If you’ve been following the history of the Data Journalism Developer Studio, you know that it evolved from three previous appliances. Those appliances have been discontinued, but the software in them for the most part lives on in the current one. I’ve been seeing quite a bit of search traffic to my blog coming from the “sentiment analysis” keyword, so I’m posting this mini-guide to getting started.
Sentiment analysis in Data Journalism Developer Studio 2012 is done using the textir R library package.
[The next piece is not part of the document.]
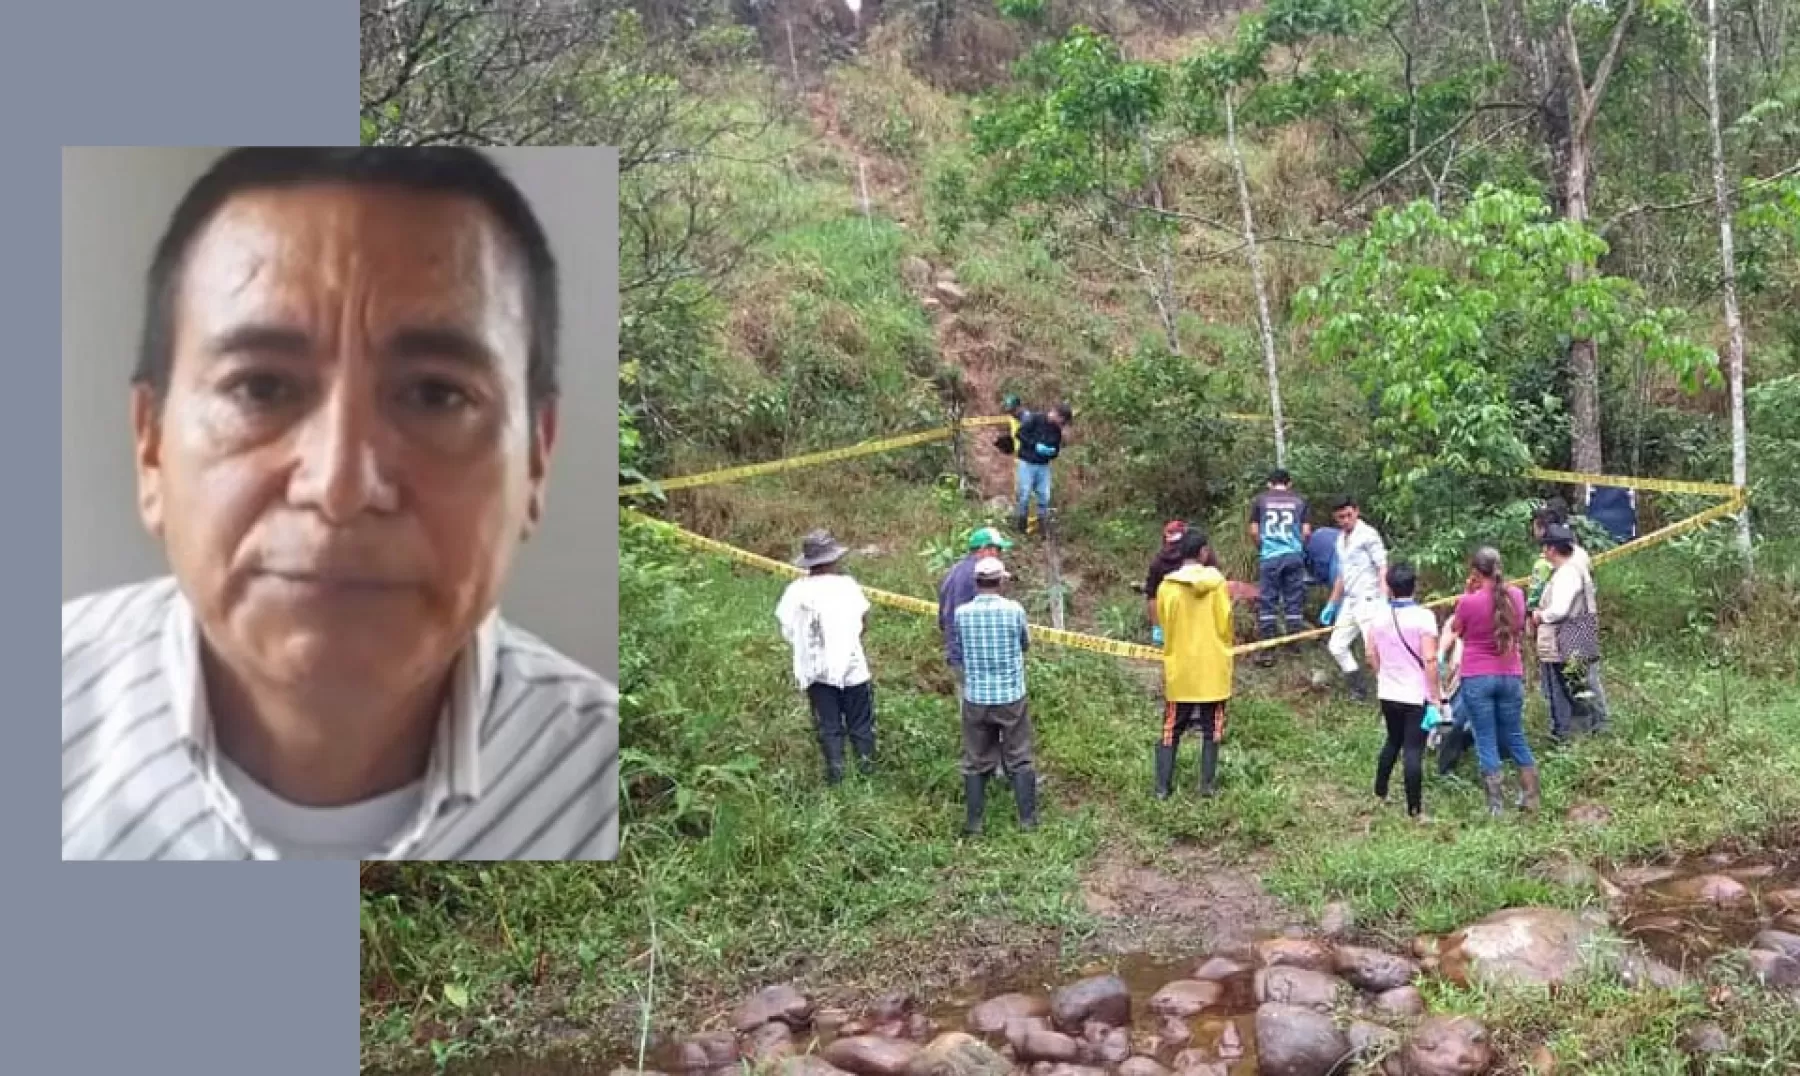 La Asociación Campesina de Arauca - ACA, denunció que lider comunal de Tame asesinado en área rural fue asesinado con sevicia.

Textir is a “set of tools for inference about text and associated speaker/document sentiment,” created by Assistant Professor of Econometrics and Statistics and Robert L. Graves Faculty Fellow Matt Taddy of the University of Chicago Booth School of Business.
If you’re interested in the mathematics behind this package, Professor Taddy has posted a document to Archiv.org, titled “Inverse Regression for Analysis of Sentiment in Text.” Three sample problems and their solutions are described in the paper: ideology in political speeches, on-line restaurant reviews and business news and stock performance. The political speech, restaurant review and business news datasets are included with the library. See also On Estimation and Selection for Topic Models.
The easiest way to get this package is to install it via Rstudio. Start up Rstudio and select the “Packages” tab in the lower right quadrant. Then press the “Install Packages” button. Type “textir” in the middle line on the form and press “Install”.